[DRBD-user] strange drbd bug

Wed Oct 15 14:16:29 CEST 2014

On Tue, Oct 14, 2014 at 10:37:13PM +0200, Lars Ellenberg wrote:
> _drbd_thread_stop takes a "wait" parameter.
> It's a helper function for drbd_thread_stop()
> and for drbd_thread_stop_nowait().
> It is possible that "somewhere" we call drbd_thread_stop()
> where we should call drbd_thread_stop_nowait().
> But I don't see where that would be.
> 
> Same helper function is called for drbd_thread_restart_nowait().
> I'd say that's what happens here.
> 
> So from the state change triggered by the request_timer_fn
> in softirq context ("current" is "swapper" as seen from the other mail),
> we trigger a drbd_thread_restart_nowait().
> 
> Which calls kthread_create -> drbd_thread_setup
> 
> And *there* it bombs out.
> 
> Yes, I see it happening now.
> 
> I just wonder why it does not happen *always* then, *every* time that
> request timer expires and causes the peer to be kicked out?
> 
> maybe something changed around kthread_create as well.
> 
> Or maybe we just have been lucky for the last few years,
> and the "wake_up_process(); wait_on_completion()" in kthread_run
> just so happened to never need to call schedule,
> because it always took the fast path.

Hm.
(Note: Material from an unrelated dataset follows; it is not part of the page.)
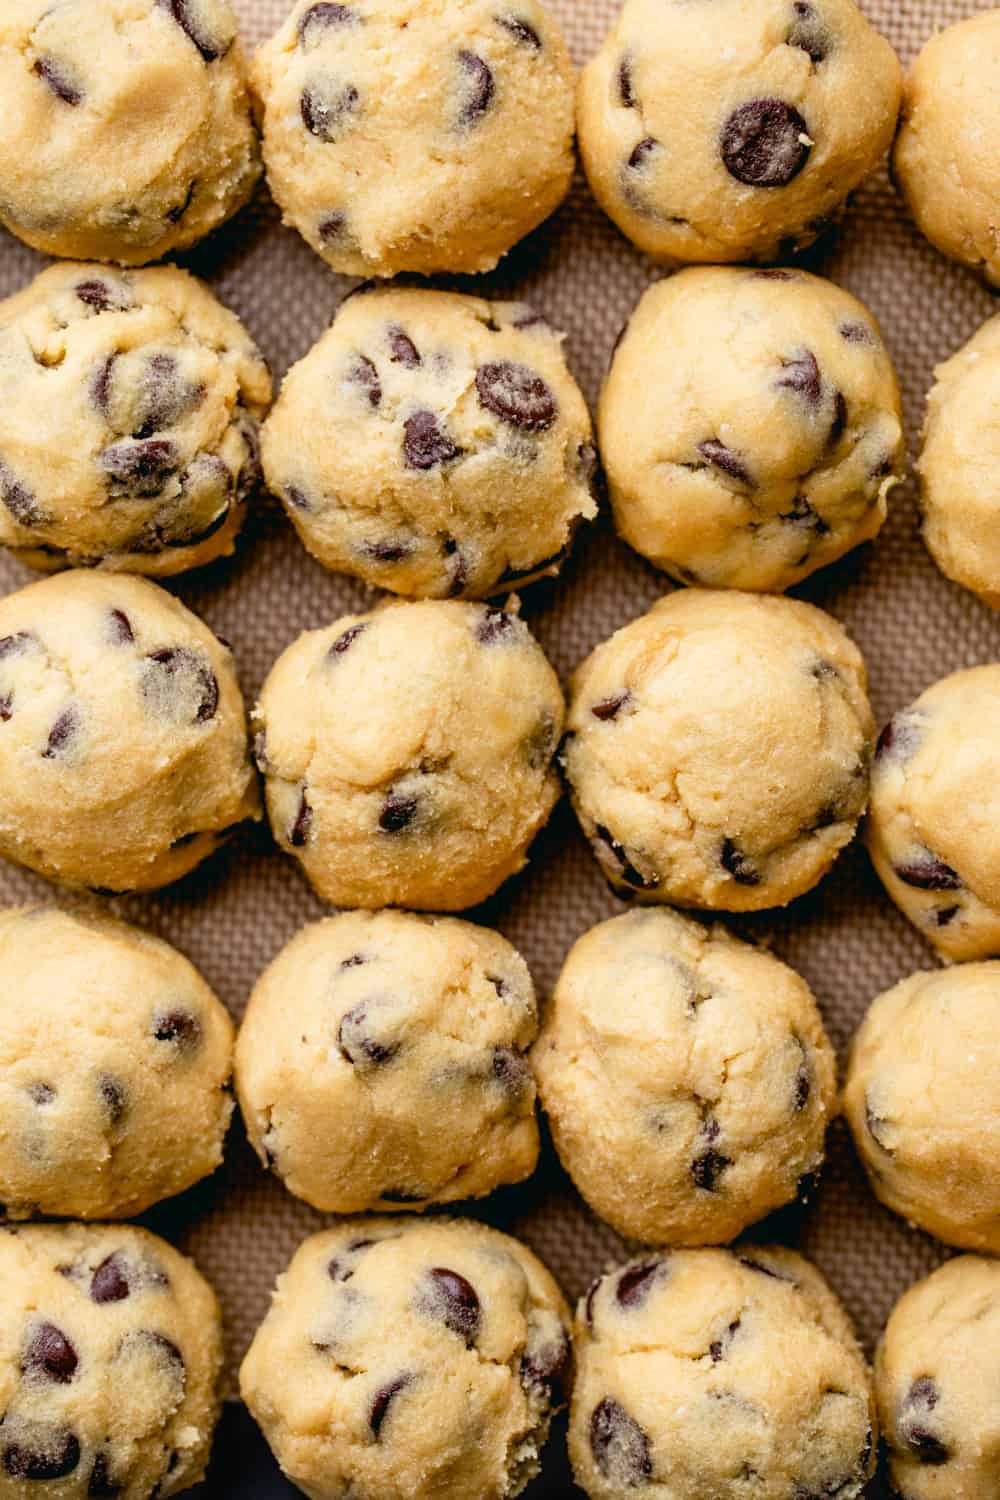 https://www.mybakingaddiction.com/wp-content/uploads/2019/04/How-to-Freeze-Cookie-Dough-Process-Shots-6-of-13_resized.jpg
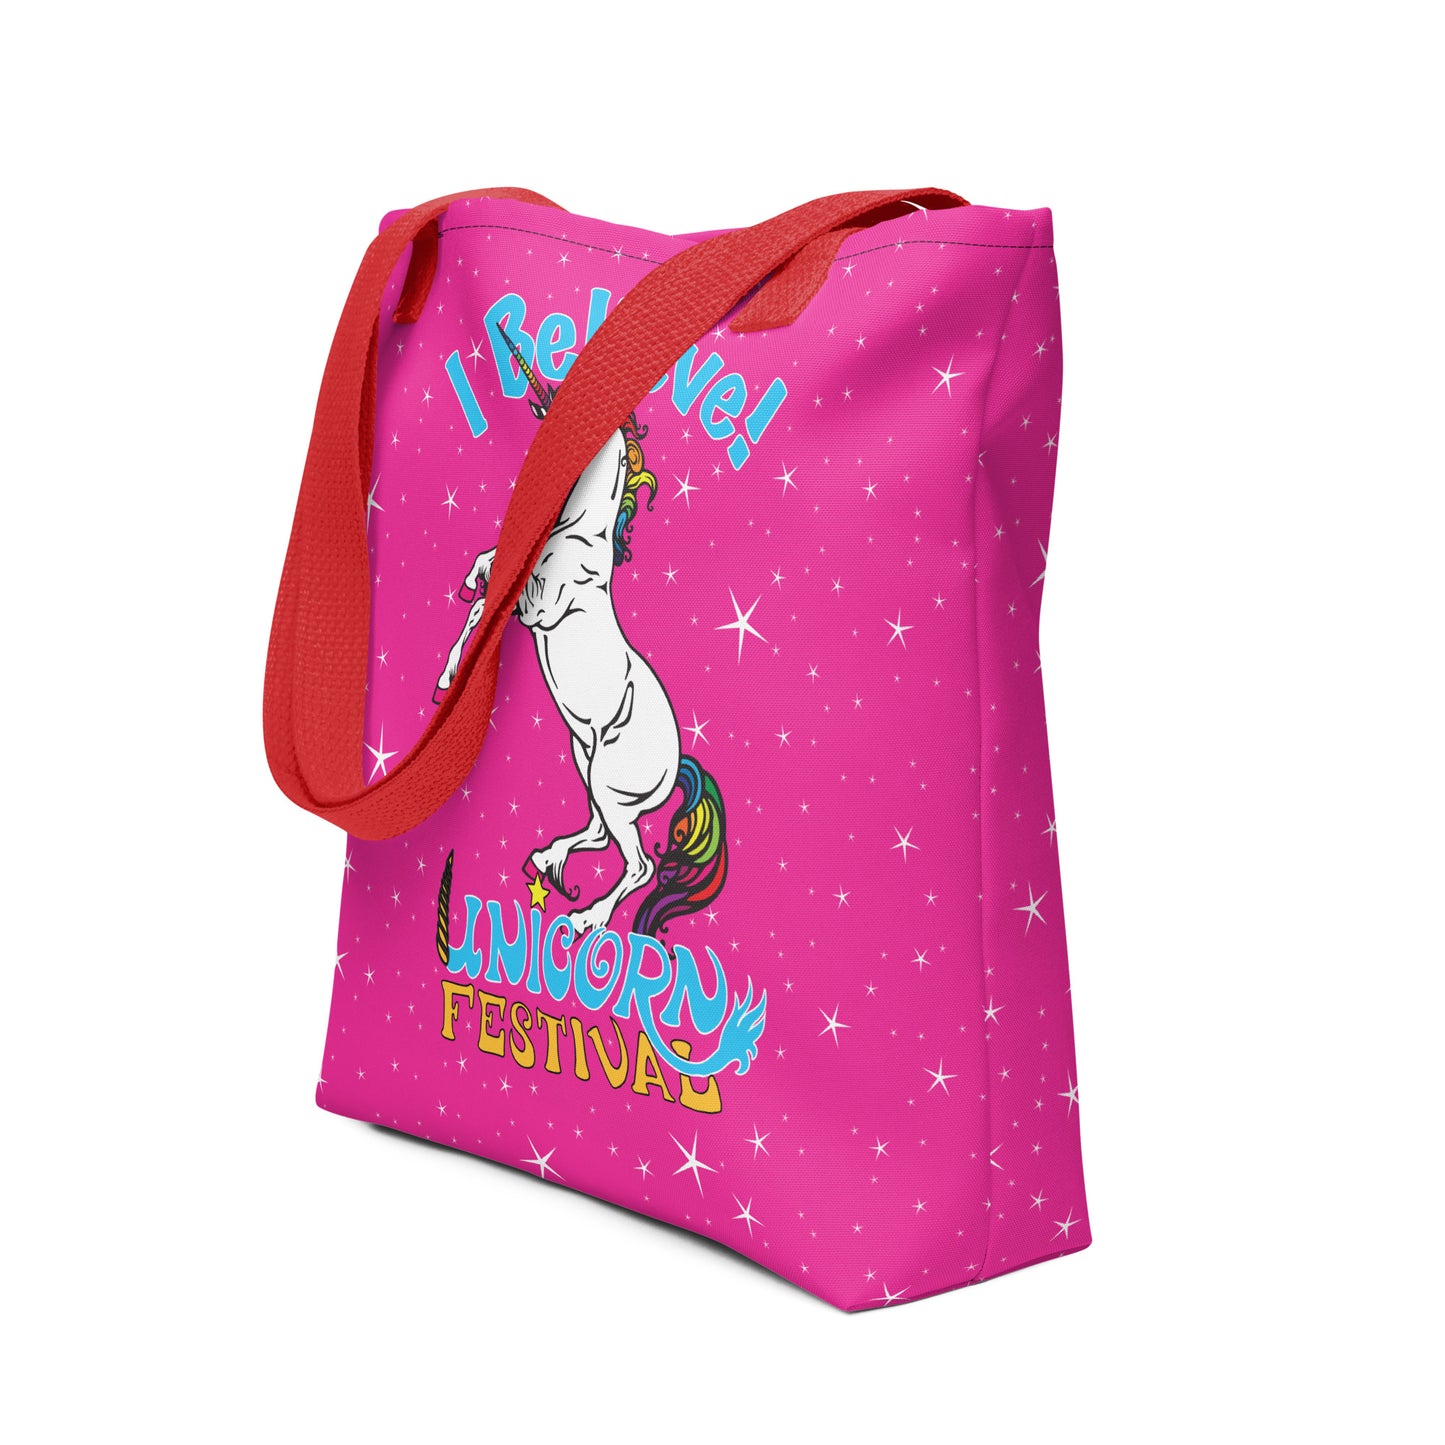 Unicorn Festival Pink Tote bag

No.
Normally, when we call this drbd_thread_restart_nowait,
the respective thread is still alive, and it just
"cycles" that thread, and does not need to create a new one.

In this case, apparently there was a race with the thread terminating
for other reasons and this call, and now we need to call into
kthread_create.

Ok, we know where it is broken.
Still we'll have to think about how to fix it best.

  	Lars